Chronic exposure to DNA-damaging agents may cause genome instability, enhancing the risk of tumor development. In vitro, chronic exposure to CDT produced by Helicobacter hepaticus promoted induction of genome instability due to impaired activation of the DDR and cell cycle checkpoints—properties associated with tumor progression [34]. Moreover, colibactin has been shown to promote colorectal cancer. In mice, intestinal inflammation promoted alteration of microbial composition, provoking expansion of E. coli producing the genotoxin colibactin and subsequent tumorigenesis [35].
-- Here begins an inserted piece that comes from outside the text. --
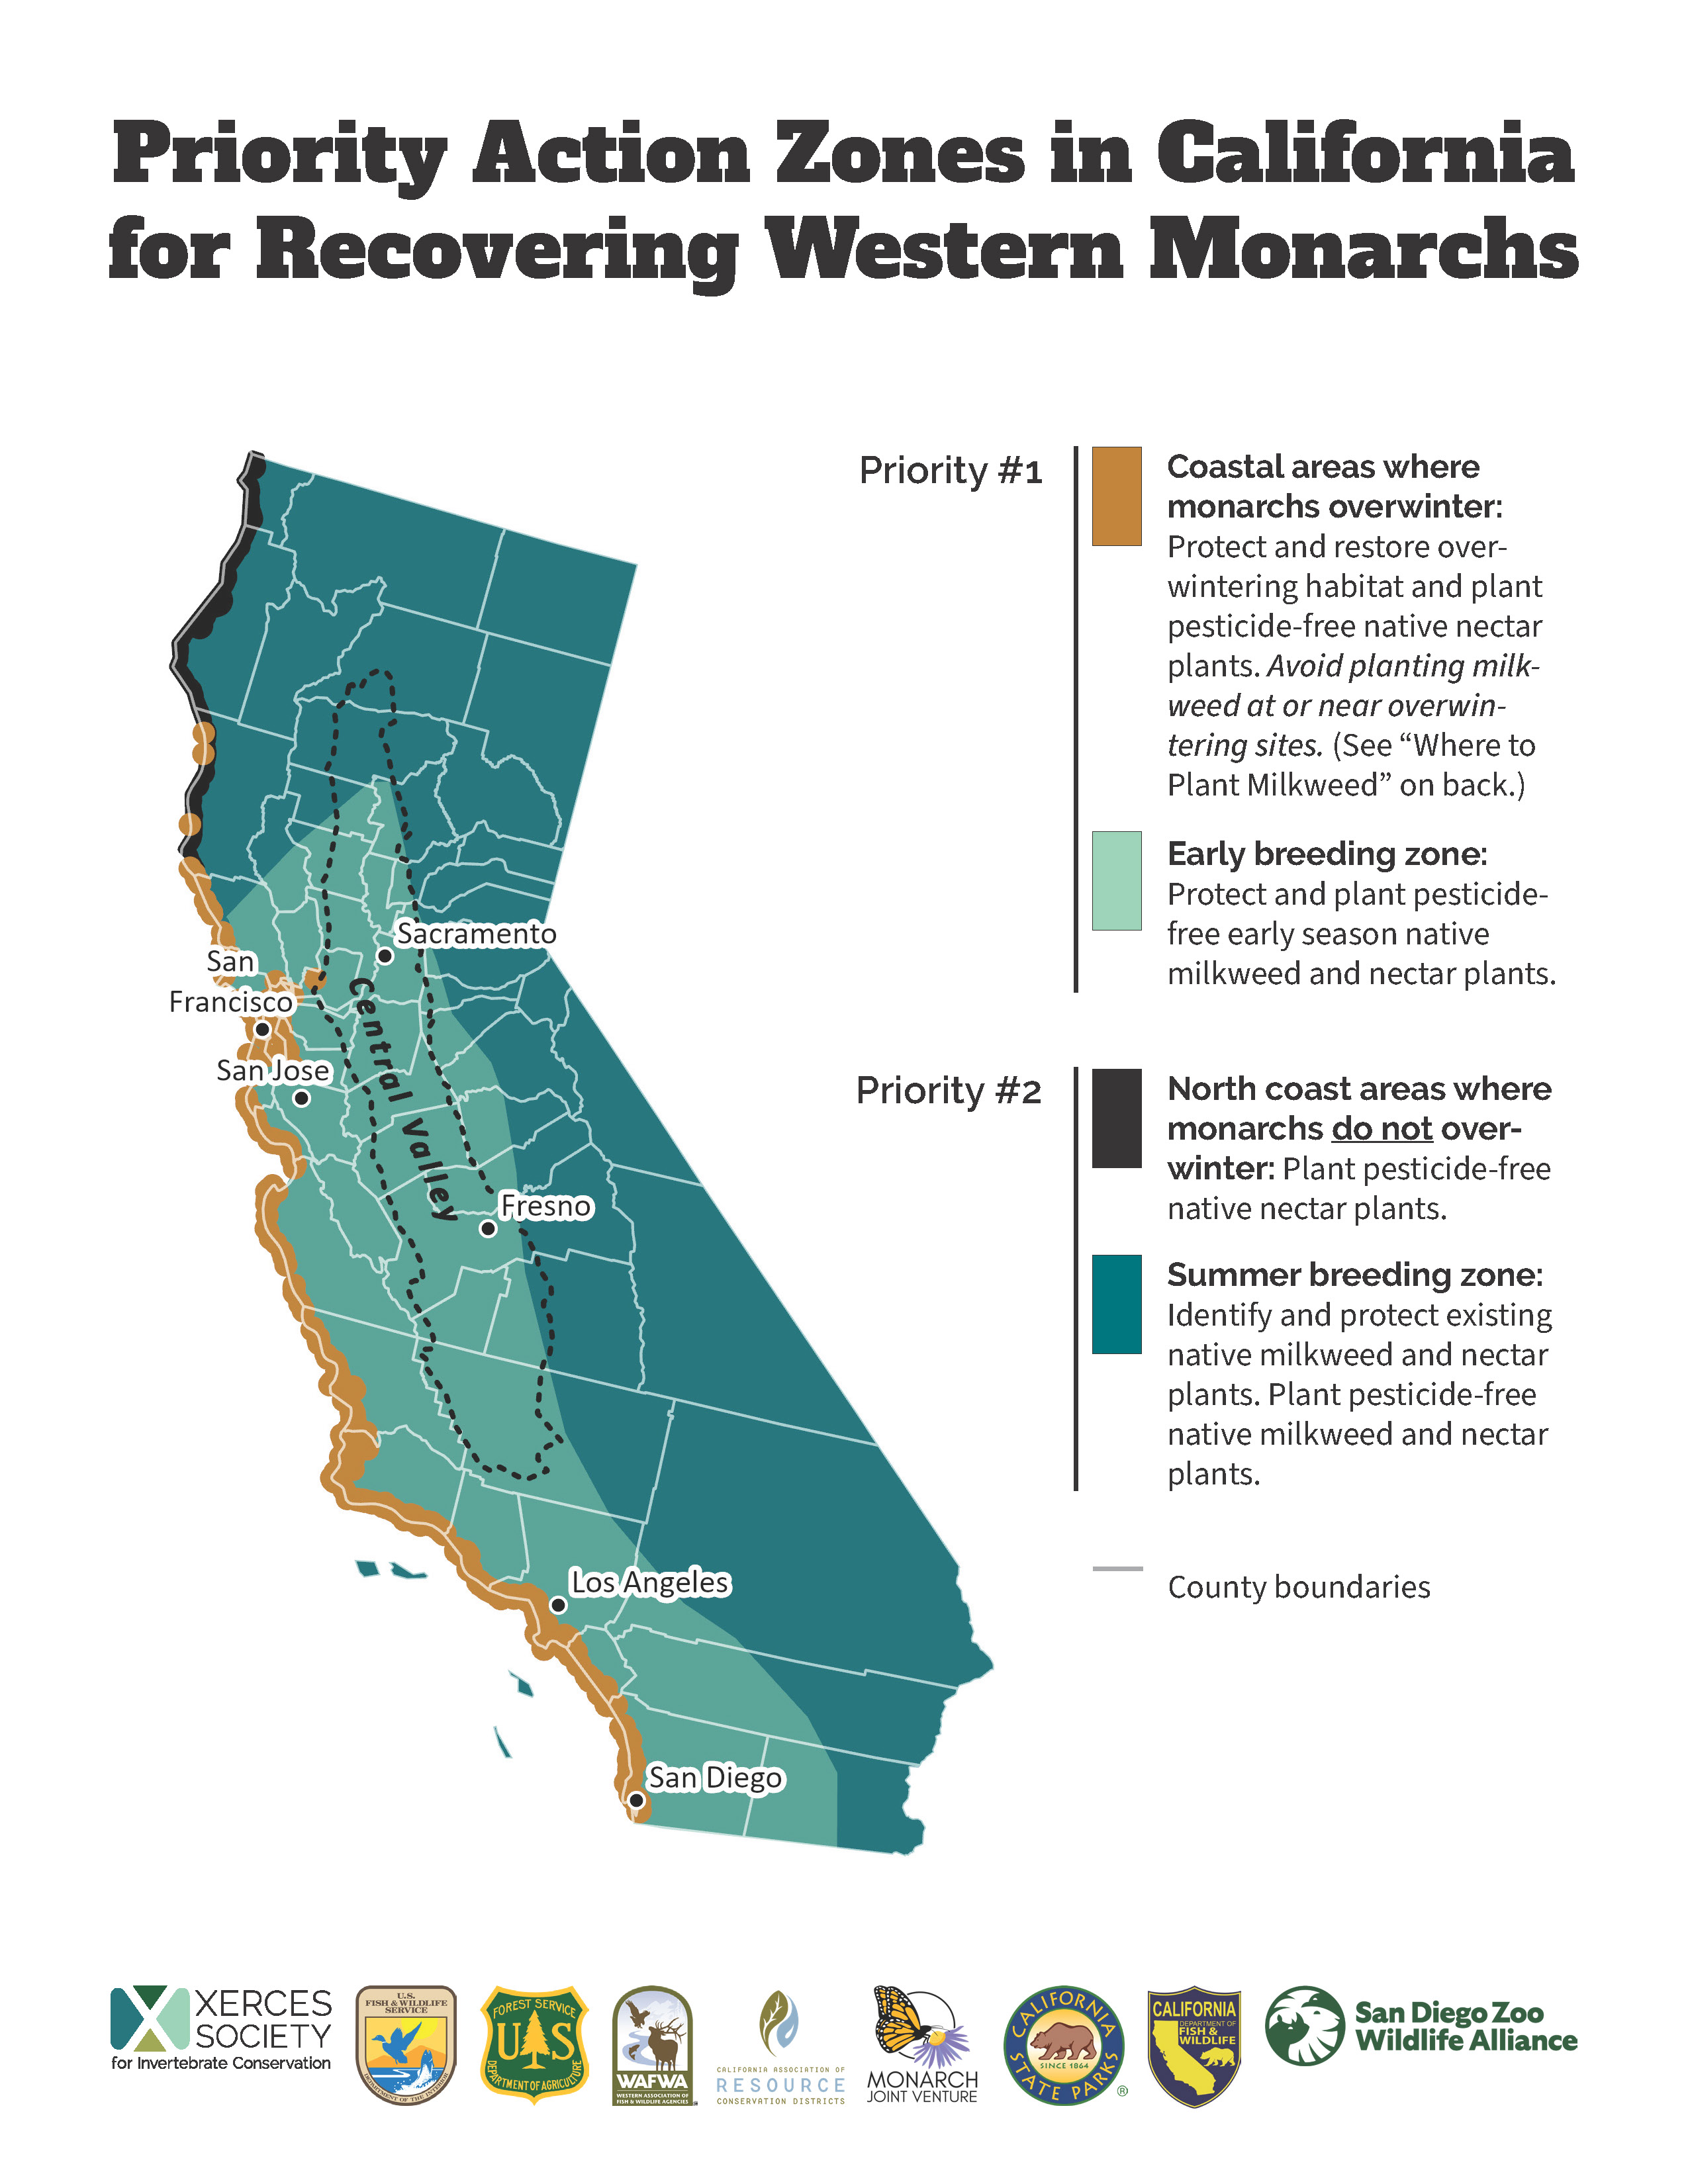 Priority Action Zones in California for Recovering Western Monarchs map
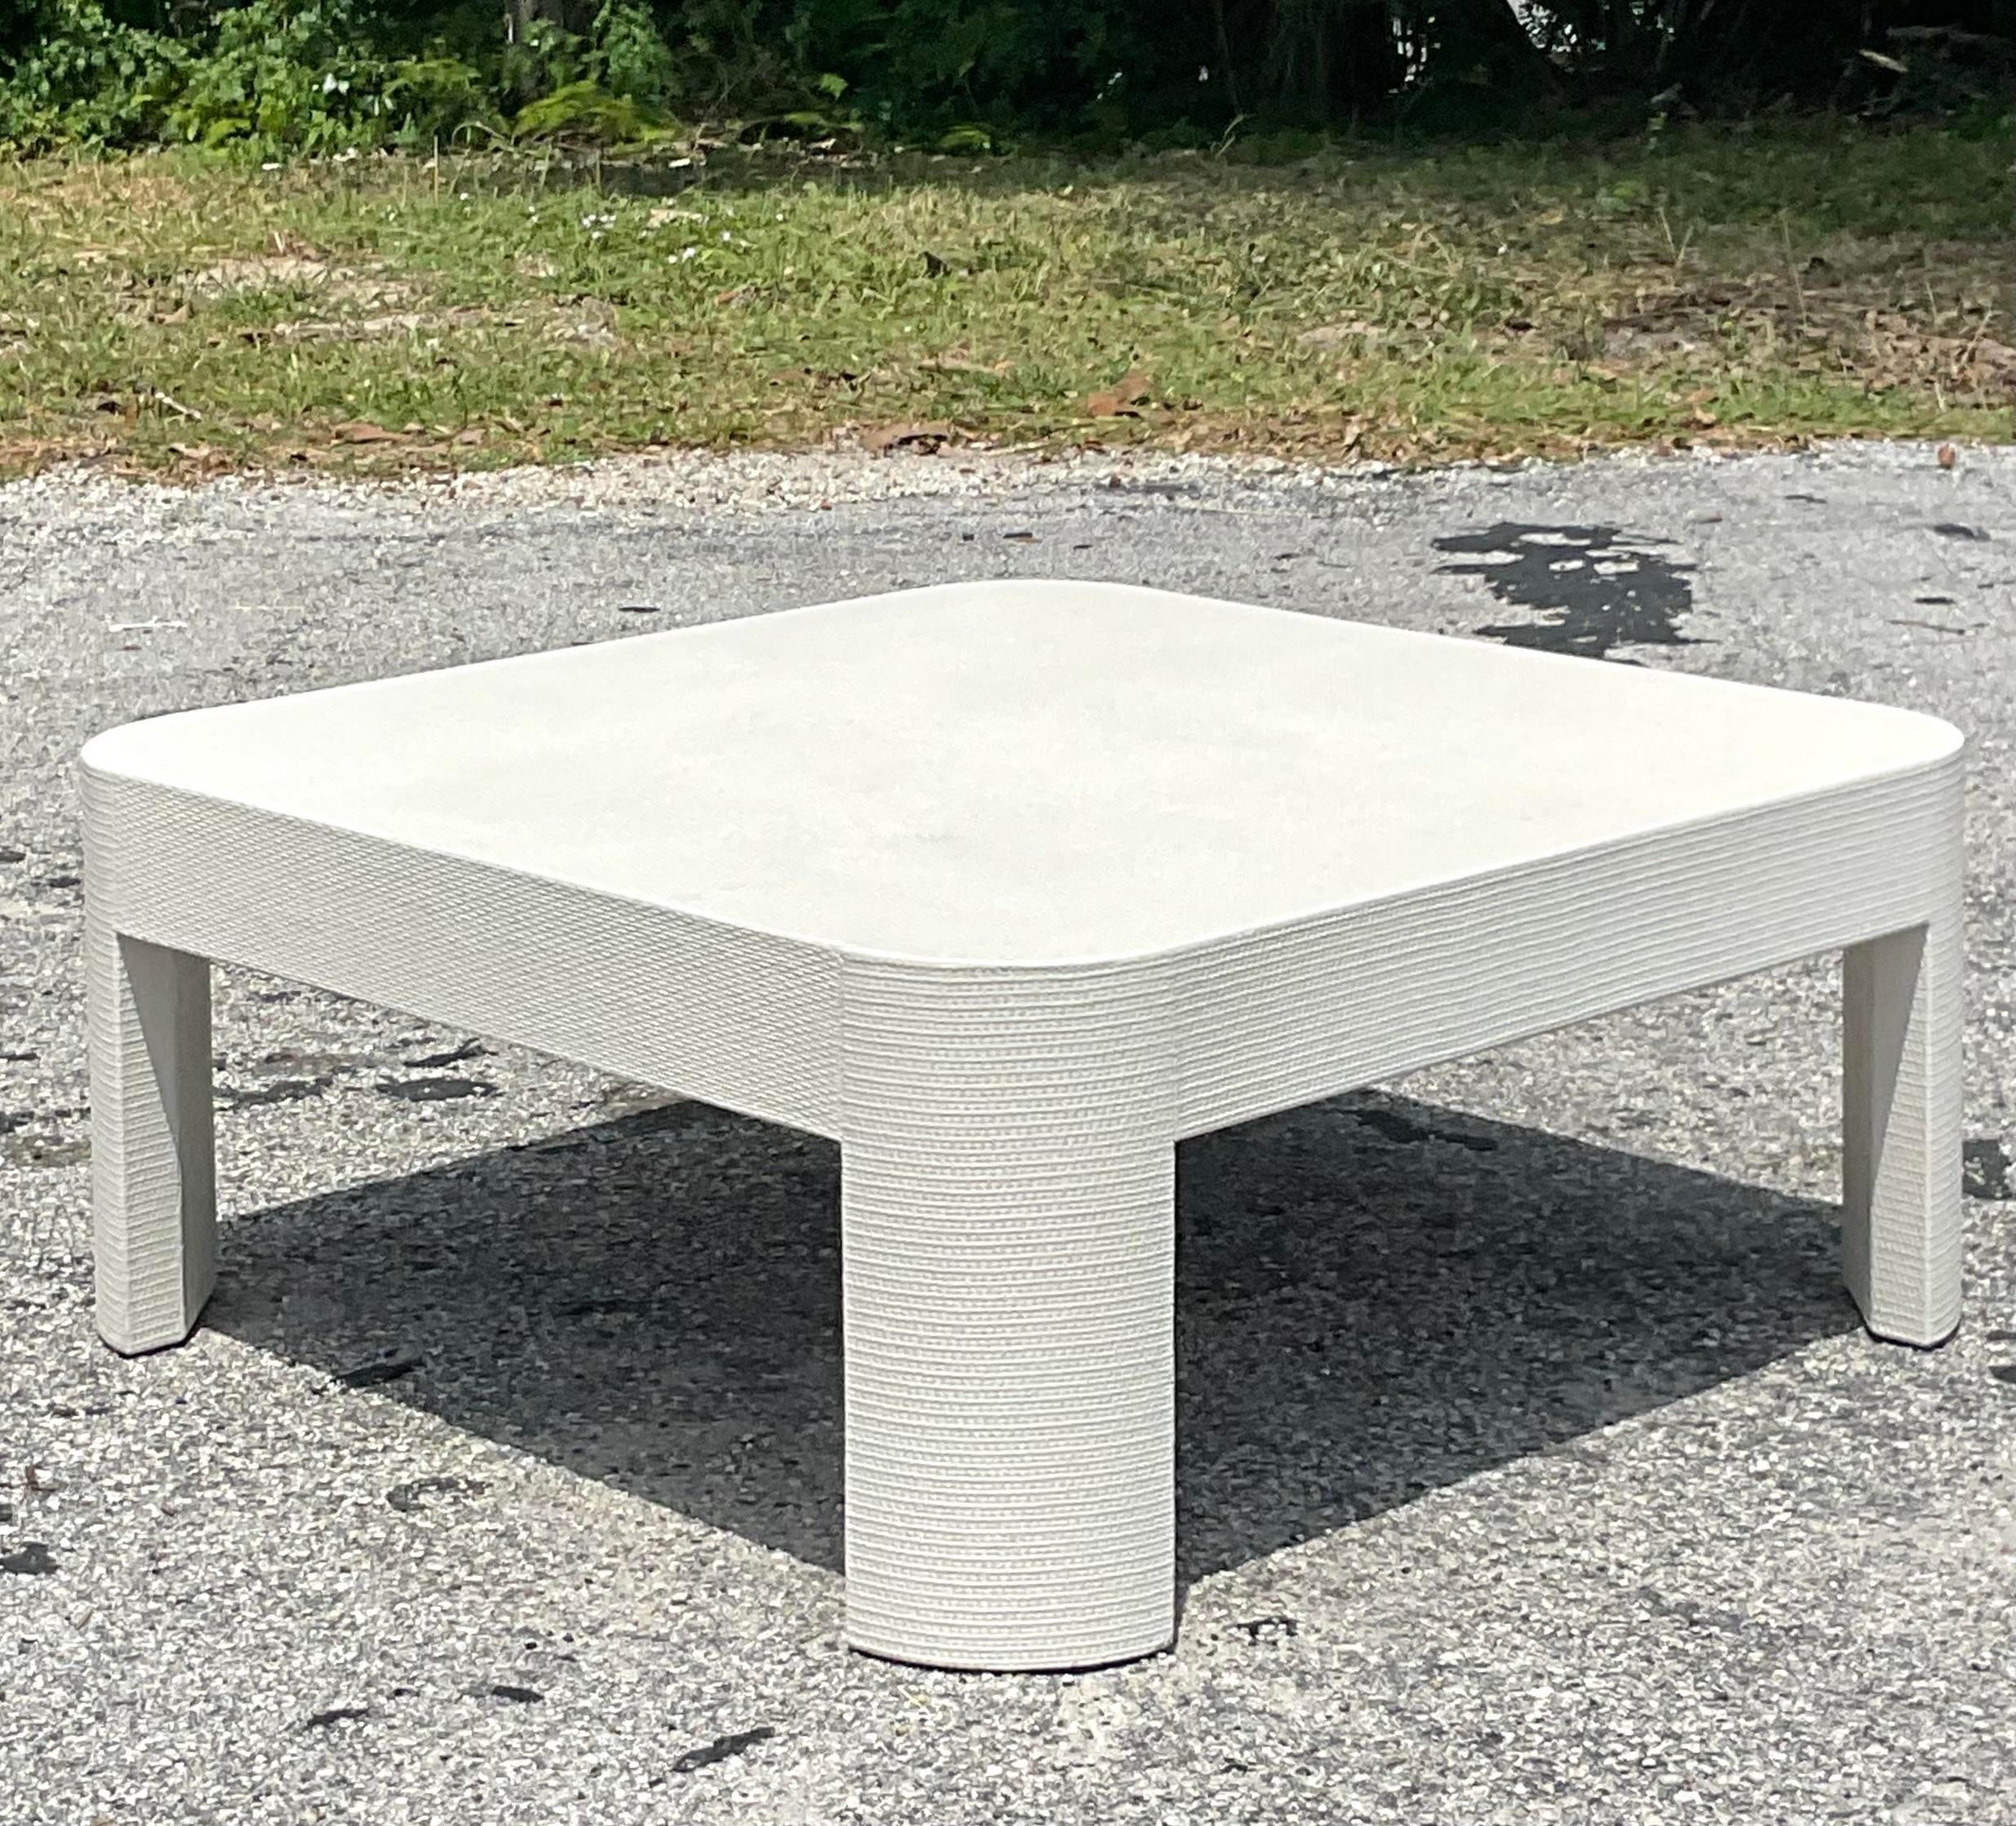 A fabulous vintage Coastal coffee table. A chided wrapped Grasscloth design in a clean modern shape. Acquired from a Palm Beach estate.

The bacterial SOS response regulates DNA repair and restart of stalled replication forks. Induction of the SOS response affects bacterial adaptation to stress, including antimicrobial tolerance, resistance, and virulence. Blocking SOS induction could be a means of preventing the evolution of bacterial resistance and of controlling significant pathogens. In turn, bacterial pathogens in host cells provoke DNA damage and DNA repair due to chronic inflammation and/or production of genotoxins.